Ihr Tod hat mich sehr verändert. Inzwischen rede ich nicht mehr mit vielen darüber. Viele können es nicht nachvollziehen, was ich nicht nachvollziehen kann. Ich muss niemanden verloren haben umzu wissen dass diese Trauer nicht vergeht bzw. die Lücke nicht geschlossen werden kann. Ich versuche mich darüber nicht mehr zu ärgern. Ich habe bemerkt dass mir Gespräche mit solchen Menschen nichts bringen und deswegen lasse ich sie. Ich habe meine Familie und ein paar enge Freunde mit denen ich darüber reden kann und das reicht mir aus. Ich habe viel darüber geredet damals und auch in den 9 Jahren. Es gibt auch heute noch Tage da überkommt es mich.

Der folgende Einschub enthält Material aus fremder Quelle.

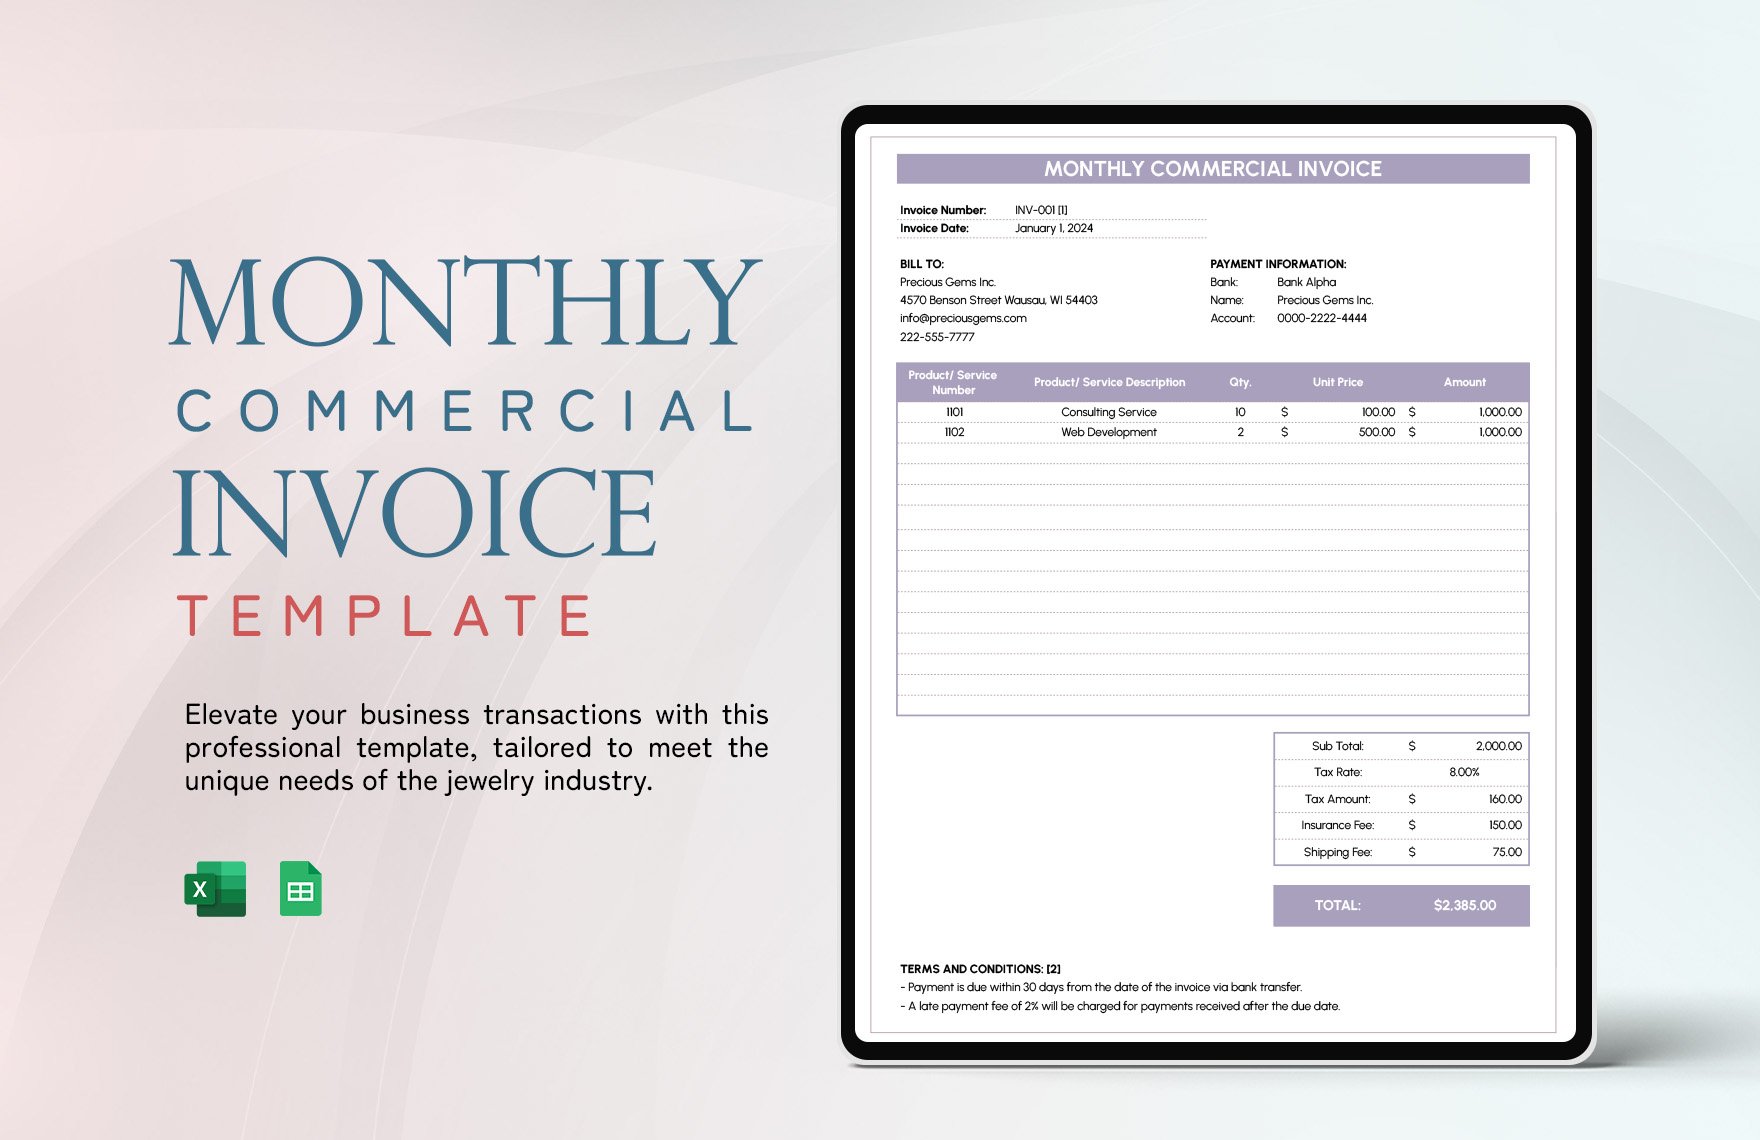 Monthly Commercial Invoice Template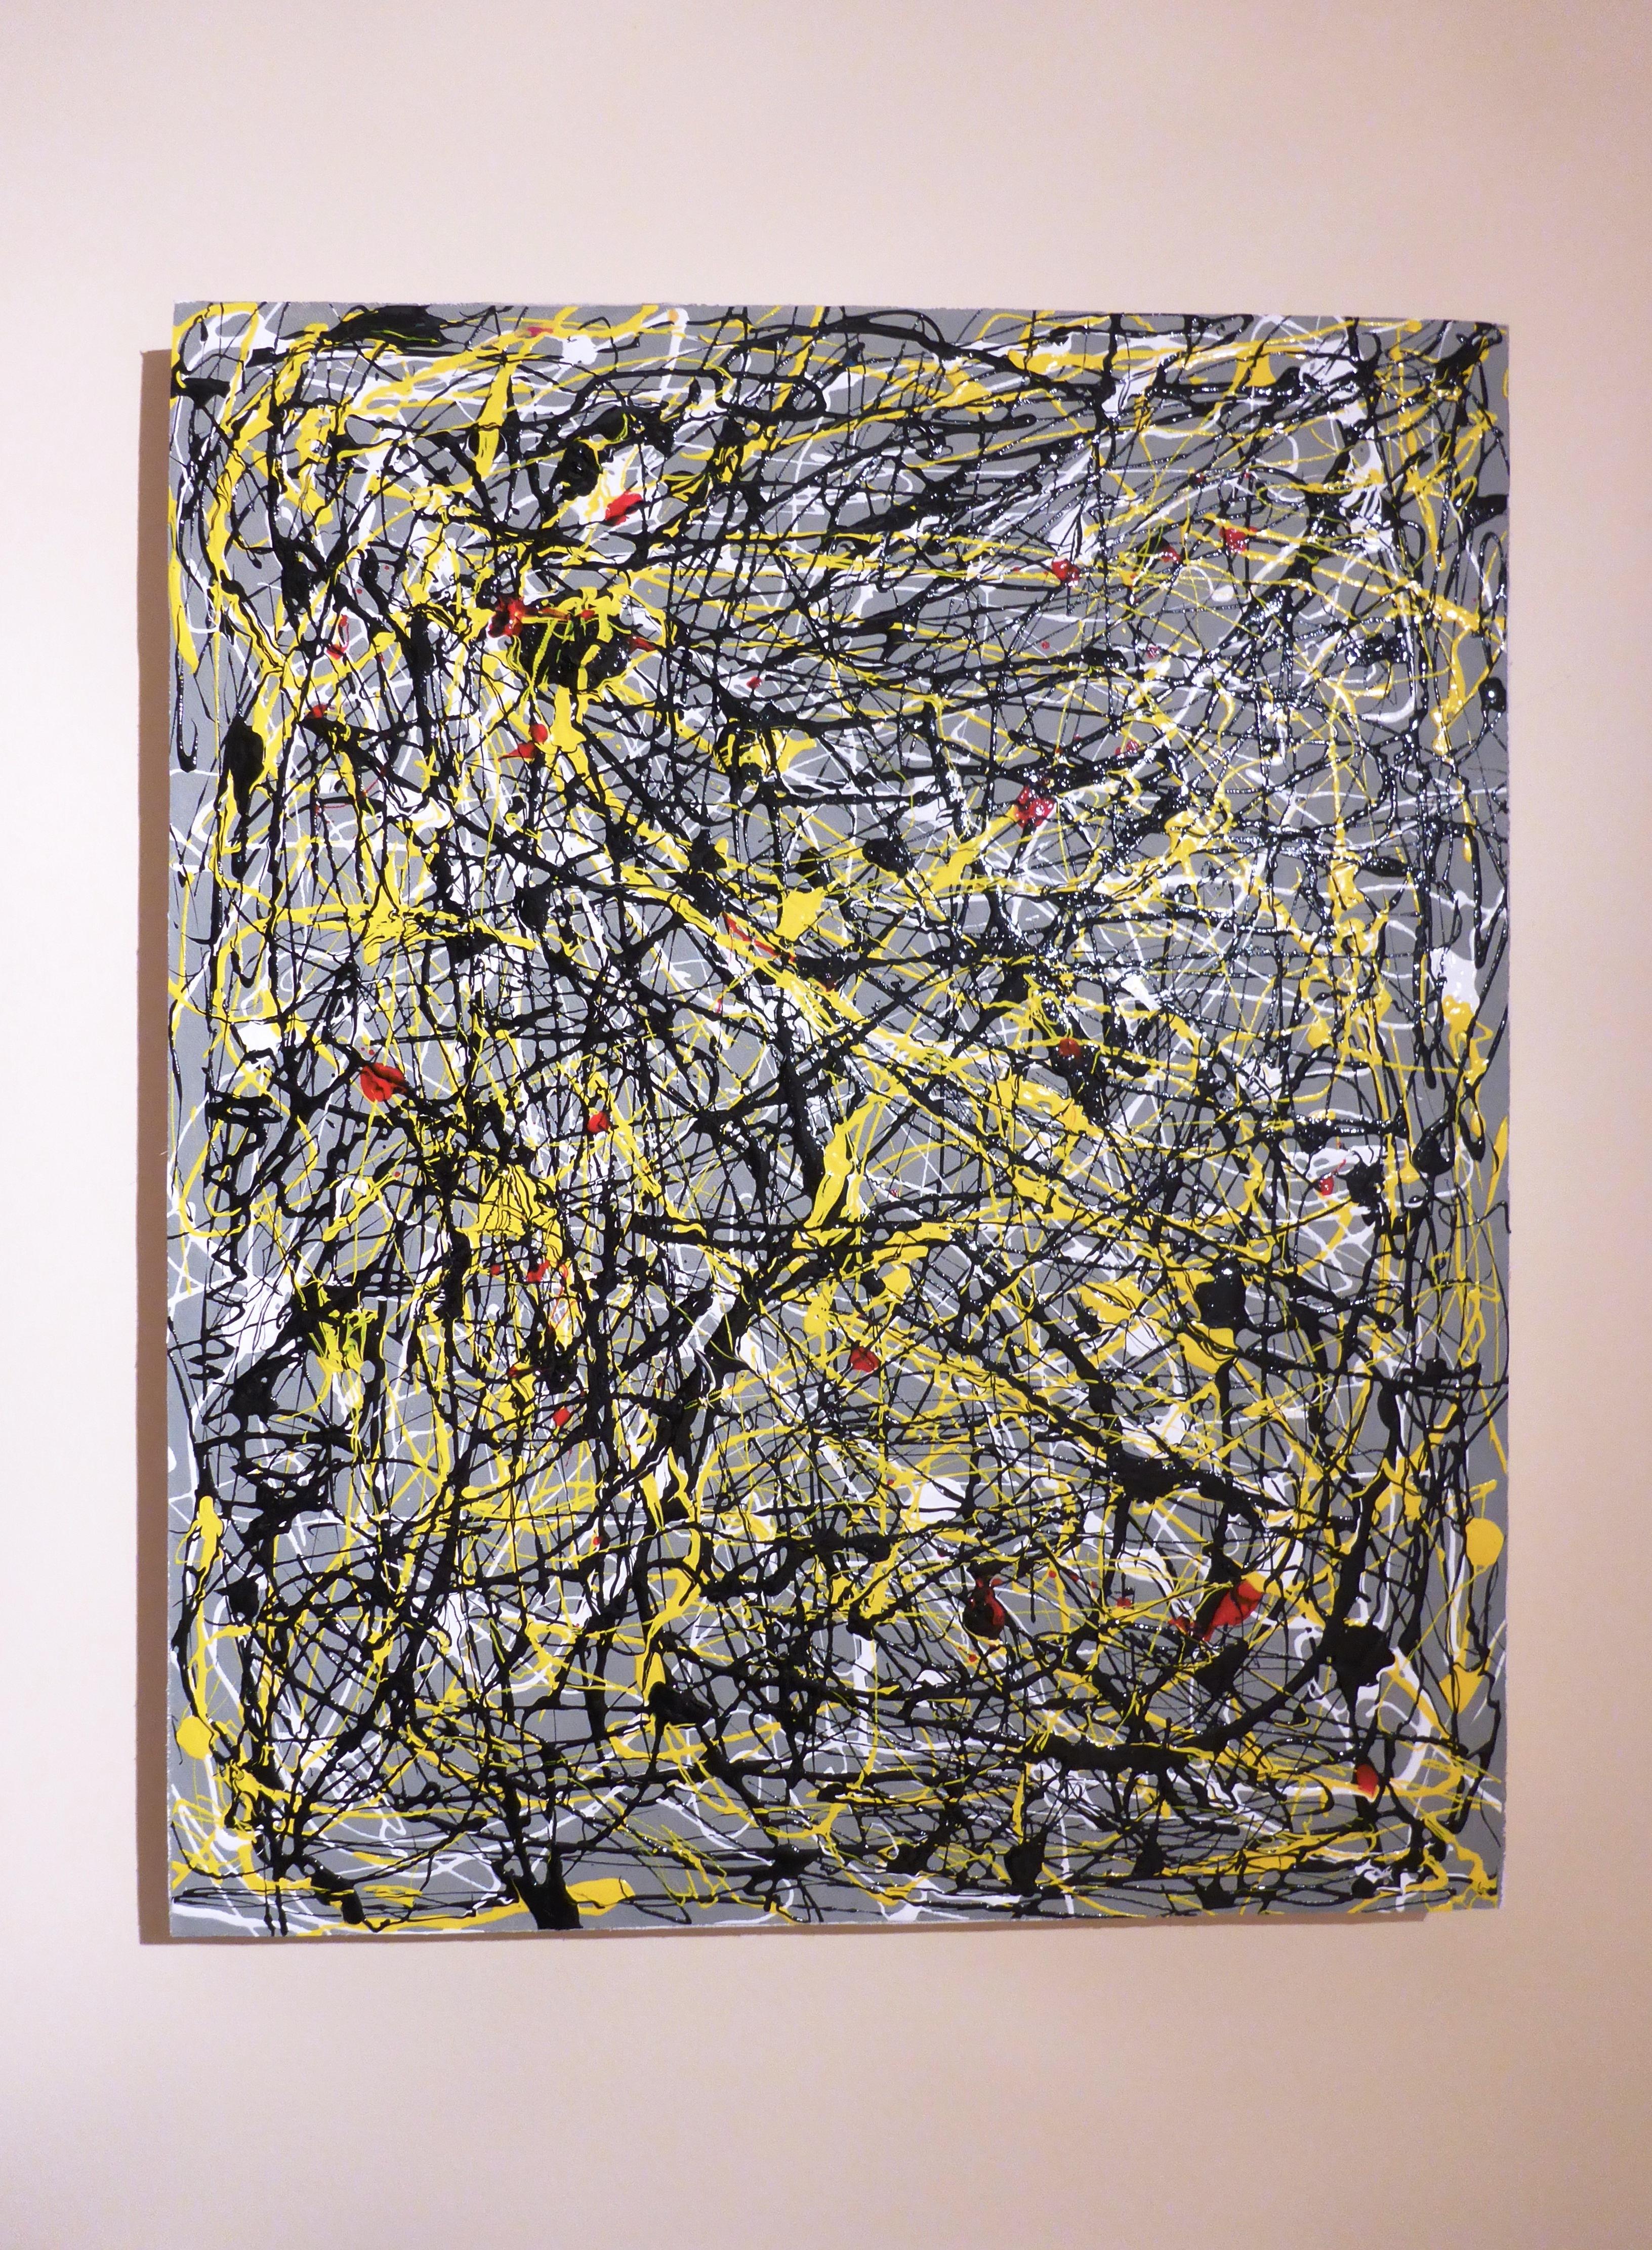 This painting has been created by using the dripping and the pouring techniques, used by Jackson Pollock in most of his artworks. The matter "dances" on the canvas and expresses the artist's emotions and feelings without having to touch the canvas

Letztes Jahr verstarb ein Schulfreund von mir. Für mich war es das schlimmste seine Mutter so sehen zu müssen. Ich weiß nicht ob ich versteht was ich euch damit sagen möchte, aber ich hoffe es. Es hat mich fast zerrissen und ich kenne diese Frau nicht. Es brachte mich sehr zum nachdenken. Unsere Schicksale sind alle schlimm, aber es gibt immer noch schlimmere Dinge auf dieser Welt. Wir haben unsere Erinnerungen und auch Trauer in unserem Herzen, das kann uns niemand nehmen! Ich denke mir unsere Mütter würden nicht wollen dass wir uns hier quälen mit der Trauer. Es gibt gute und schlechte Tage. Ich kann euch nur sagen ihr werdet wieder lachen können, auch wenn sich alles verändert hat. Unsere Mütter wollen bestimmt alle dass es uns gut geht und wir unser Leben leben und genießen. Darum sollten wir uns täglich auf´s Neue bemühen und ich bin mir sicher dass sie immer noch an unserer Seite sind und auf uns aufpassen. Passt auf euch auf und fühlt euch gedrückt!